The new Siri will have on-screen context awareness. Reading what's on your display and acting on it.

Marcus

Making restaurant reservations from Safari, adding flights from email confirmations, that kind of thing. It's what Siri should have been years ago. But reports from 9to5Mac say some features are already slipping to iOS 26.5 in May and iOS 27 in September. Which continues Apple's pattern of announcing AI features and then delivering them on a delayed timeline.

Kate

So Apple chose Google over building its own model. That validates Google's AI capabilities even as Apple admits its own gap.

Marcus

It's a fascinating strategic triangle. Apple gets a capable AI assistant without the multi-billion dollar R&D investment. Google gets a billion dollars a year and validation from the world's most valuable company. And users, hopefully, finally get a Siri that doesn't embarrass itself when you ask it something more complex than setting a timer.

Kate

Quick hit.
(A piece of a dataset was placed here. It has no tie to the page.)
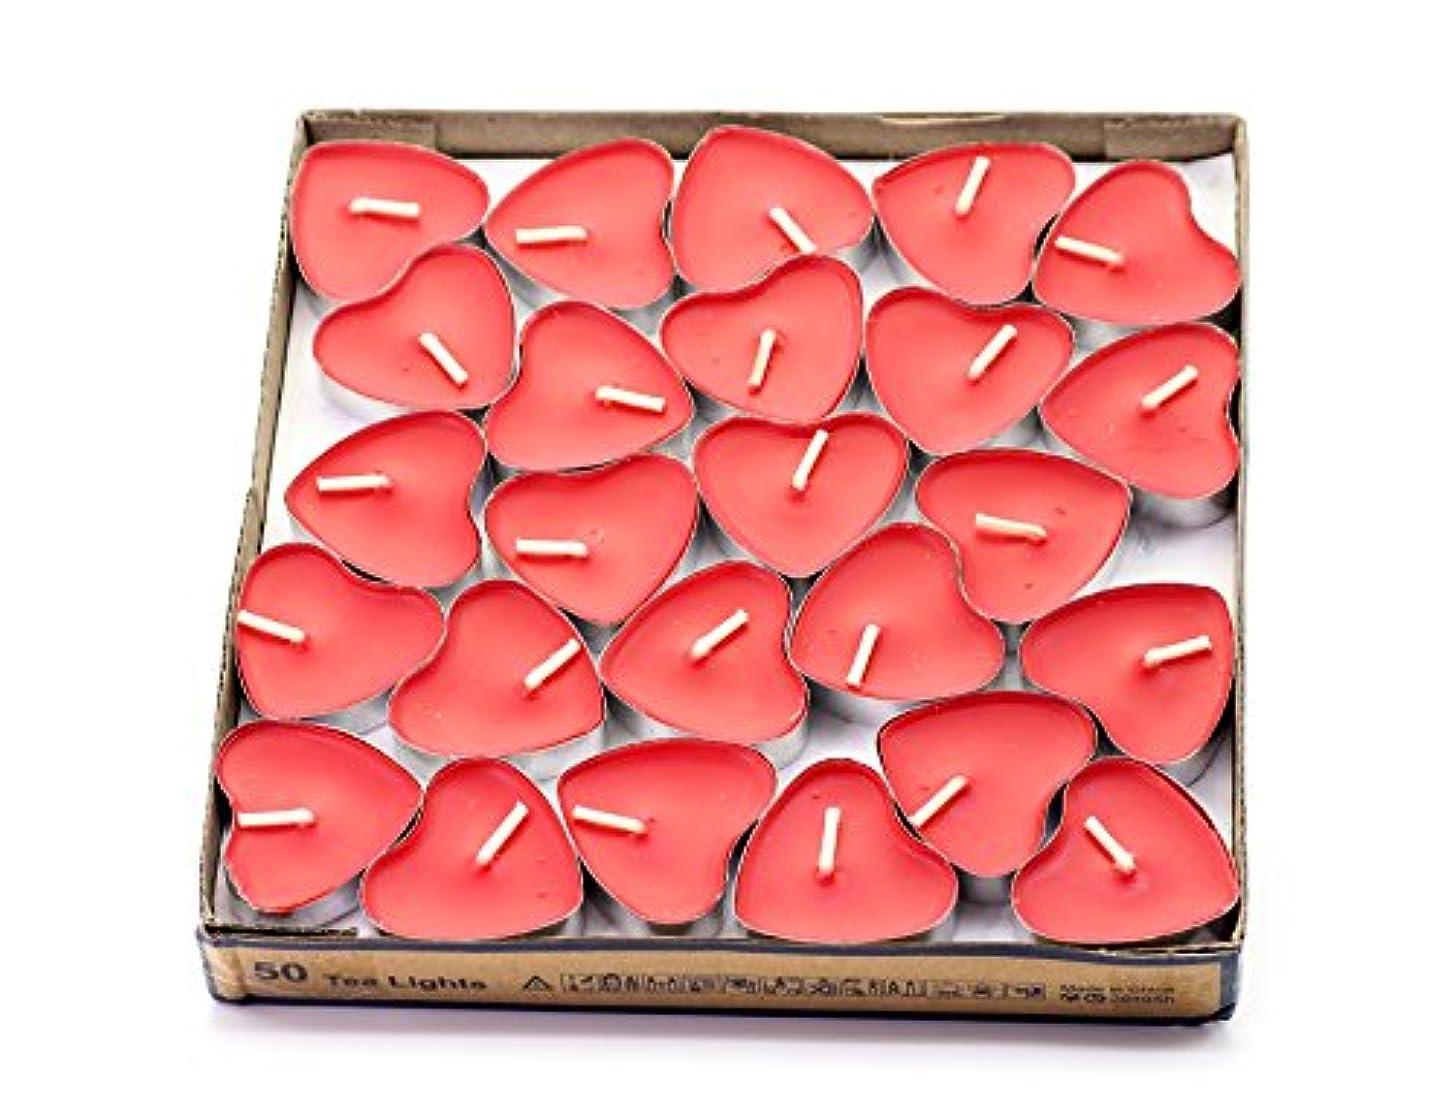 記念計算誕生日(Red(strawberry)) - Creationtop Scented Candles Tea Lights Mini Hearts Home Decor Aroma Candles Set of 50 pcs...

Google engineers open-sourced Sashiko, an AI system that reviews Linux kernel patches. The headline number: it caught fifty-three percent of bugs when tested against a thousand recent upstream issues. And every single one of those bugs had already passed human code review.

Marcus

That's a meaningful result for a project that underpins virtually all servers, cloud infrastructure, and Android devices. Sashiko monitors public mailing lists, ingests patches, and generates detailed reviews covering architecture, security, concurrency, and resource management. It's designed for Gemini Pro but works with Claude and other models. Google is moving it to the Linux Foundation.

Kate

The false positive rate is the obvious question.

Marcus

It is. As one commenter put it, you could build a system that flags everything as a bug and claim a hundred percent detection rate. But even with a moderate false positive rate, catching half the bugs that slip past experienced kernel developers is a genuine contribution to infrastructure security.

Kate

And finally, a viral essay titled "AI Coding Is Gambling" hit the top of Hacker News with over three hundred points. The argument is that prompting LLMs to write code mirrors gambling psychology. Variable rewards, addictive feedback loops, a false sense of control.

Marcus

The dopamine hit of getting working code on the first try keeps you pulling the lever rather than deeply understanding what you're building. It connects directly to the Carnegie Mellon study we covered Tuesday showing AI coding tools boost speed temporarily but degrade code quality by forty-two percent permanently. And one commenter adapted Kenny Rogers for the AI age: "You got to know when to ship it, know when to re-prompt, know when to clear the context, and know when to RLHF."

Kate

That might be the best comment of the week.

Marcus

What's worth noting is the scale of the industry being questioned here. Claude Code at two and a half billion ARR, Cursor growing rapidly, Codex expanding. These tools are generating enormous revenue. The question of whether they create gambling-like behavioral patterns isn't just philosophical. It affects code quality, developer wellbeing, and how we train the next generation of engineers.

Kate

Thursday big picture. OpenAI is chasing engagement metrics toward an IPO. Prompt injection is escaping sandboxes. DeepMind wants to standardize how we measure intelligence. And developers are asking whether AI coding tools are genuinely productive or psychologically addictive. Marcus, what ties it all together?

Marcus

Measurement and honesty. OpenAI measuring success by engagement rather than productivity. Snowflake measuring security by sandbox labels rather than actual isolation. The industry measuring AI progress by cherry-picked benchmarks rather than standardized cognitive profiles. DeepMind's framework is an attempt to inject rigor into a conversation drowning in hype. And the gambling essay asks whether developers are measuring their own productivity honestly or chasing the dopamine of quick results. The technology keeps getting more powerful. The question is whether we're getting more honest about what it actually does.

Kate

Measure twice, prompt once.

Marcus

I'd settle for measure once. Right now we're not even doing that.

Kate

That's your AI in 15 for Thursday, March 19, 2026. See you tomorrow.